A. Repurposing of Polarity Cues and Chitin Synthases

• Localization Shifts: During vegetative growth, Chs1 localizes to the Spitzenkörper (SPK) for apical extension, while Chs7 is diffuse at the apex. Upon trap induction, both relocalize to the trap tips and septa.
• Tea1 Dynamics: The cell-end marker Tea1, typically marking the apical cortex, accumulates at the fusion interface of the trap loop prior to cell contact, acting as a pre-contact landmark.
• Mutant Phenotypes:
  • chs1 mutants show reduced trap numbers and simplified loop structures.
  • tea1 mutants fail to form loops, producing straight, stalk-like structures, indicating Tea1 is essential for directed hyphal bending.
  • tea5 mutants form traps of normal numbers but reduced size, suggesting a role in network architecture rather than loop initiation.

B. Cytoskeletal Organization at Curvature Sites

• Septin Recruitment: Core septins (Sep3, Sep4, Sep5) are excluded from the SPK during vegetative growth but accumulate at branching points and regions of high membrane curvature.
• Trap Loop Architecture: During trap formation, F-actin and septins transiently enrich along the inner concave rim of the developing loop. This suggests they act as a mechanical scaffold to stabilize the curved membrane geometry required for loop expansion.
• Septin Function: Deletion of core septins (sep3, sep6) severely impairs trap formation and conidiation. sep3, sep5, and sep6 mutants specifically fail to mature complex multi-loop structures, producing only single or incomplete loops.

C. Nox1-Mediated ROS as a Fusion Checkpoint

• Induction: NOX1 and its regulator NOXR1 are strongly upregulated upon nematode detection and expressed specifically in trap initials.
• Fusion Defect: nox1 and noxr1 mutants initiate trap loops and bend correctly but fail to fuse with the parent hypha. This results in characteristic "pigtail" structures where the loop remains open.
• ROS Signaling: NBT staining reveals that while early ROS is Nox1-independent, a localized ROS burst occurs specifically at the fusion site in wild-type strains at ~4 hours post-exposure. This signal is absent in nox mutants.
• Recruitment Mechanism: In nox mutants, polarity proteins (Chs1, Tea1) and actin fail to accumulate at the fusion site on the receiving hypha.
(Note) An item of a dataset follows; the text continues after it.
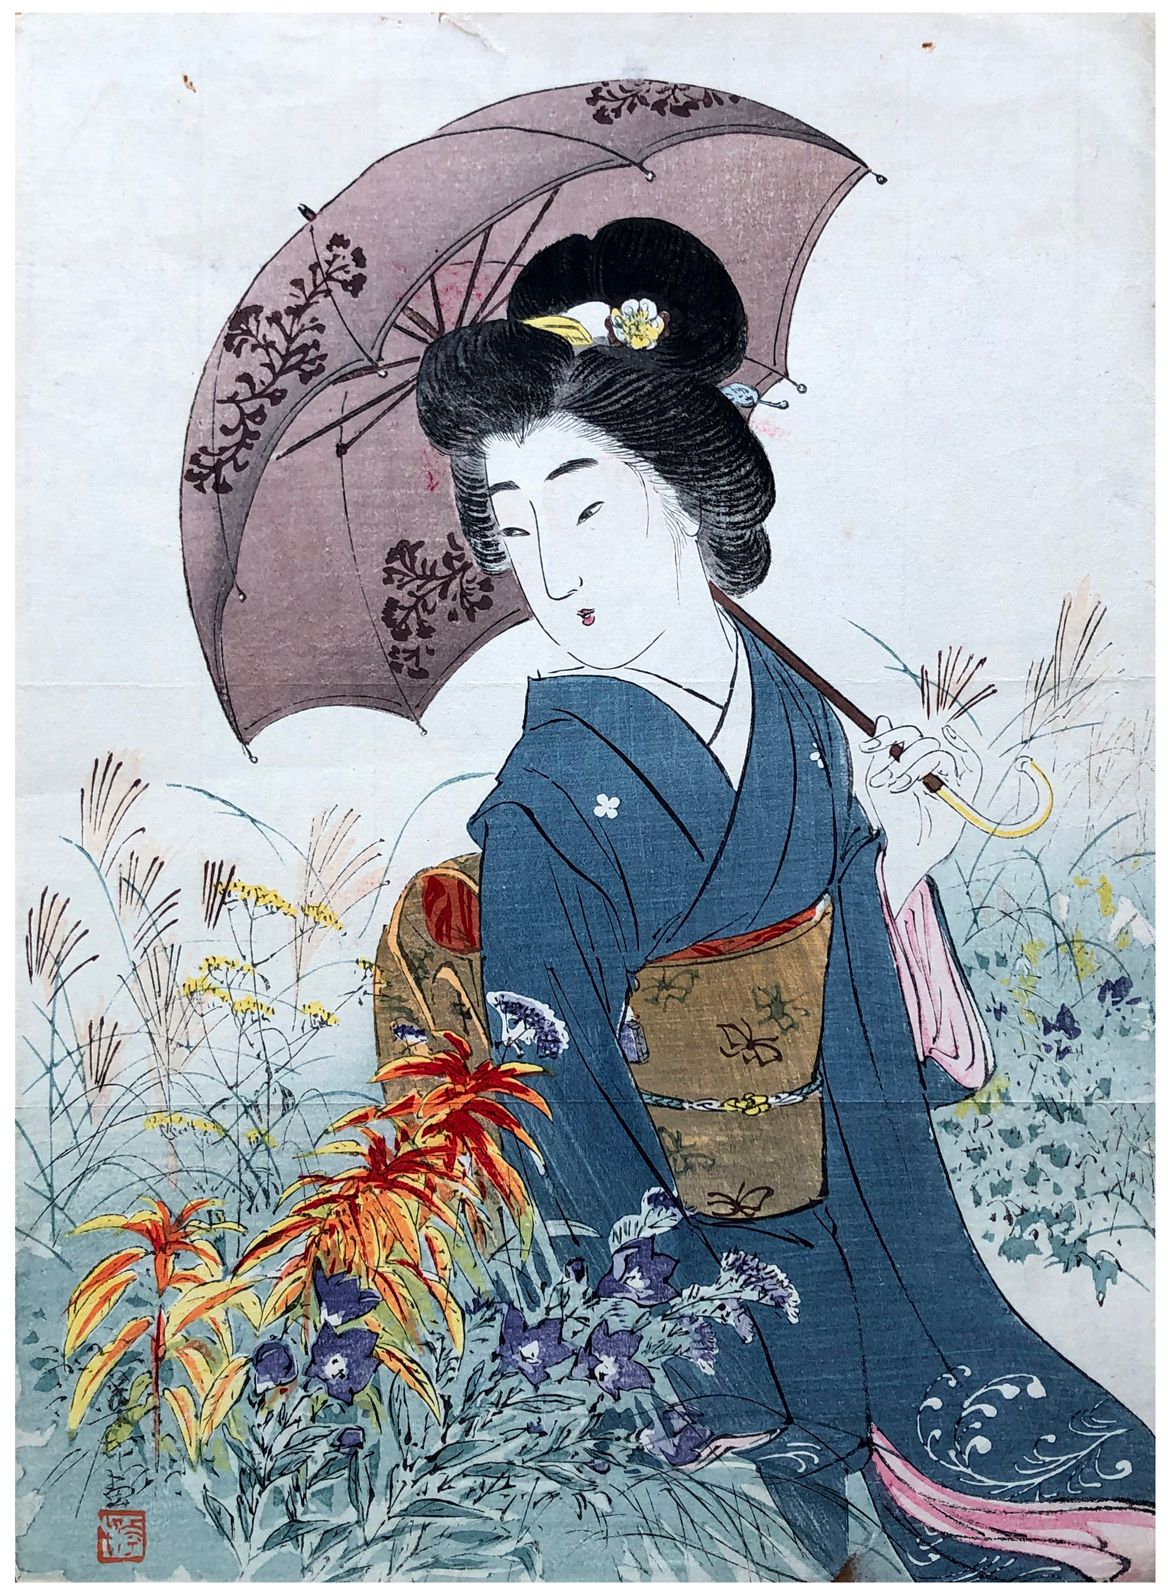 Japanese Woodblock Print by Suzuki Kason Bijin in Autumn Garden 
Small loss in t&hellip;

This demonstrates that Nox1-generated ROS is a spatial cue required to recruit the fusion machinery to close the loop.

D. Infection Structure Differentiation

• Following nematode capture, the fungus reorganizes again to form infection bulbs.
• Septin/Actin Rings: Ring-like structures of septins and F-actin form at the base of emerging invasive hyphae, resembling the appressorium pore of plant pathogens.
• Polarity Reorientation: Tea1 and Chs1 concentrate at the tips of invasive hyphae emerging from the infection bulb, directing host penetration.

4. Significance

• Mechanistic Insight: The study provides a comprehensive model of how a single fungal species rewires conserved cellular machinery (polarity, cytoskeleton, ROS signaling) to execute a complex developmental transition from linear growth to 3D trap formation.
• Novel Role for ROS: It identifies Nox1-mediated ROS not just as a general developmental signal, but as a specific spatial checkpoint for cell-cell fusion, ensuring trap loops are sealed before predation begins.
• Evolutionary Convergence: The findings highlight striking parallels between NTF trap formation and the appressorium-mediated infection structures of plant pathogens (e.g., Magnaporthe oryzae), suggesting convergent evolutionary solutions for host invasion using shared polarity and cytoskeletal modules.
• Model System: A. oligospora is established as a versatile model for studying the integration of environmental signals with cell biology to build complex multicellular structures.

Conclusion

The paper elucidates a coordinated mechanism where nematode-derived signals trigger the relocalization of cell-end markers and chitin synthases, the assembly of actin/septin scaffolds at curved membranes, and a localized Nox1-dependent ROS burst. This ROS signal acts as the critical trigger for recruiting fusion machinery, ensuring the successful closure of adhesive traps and the subsequent invasion of the nematode host.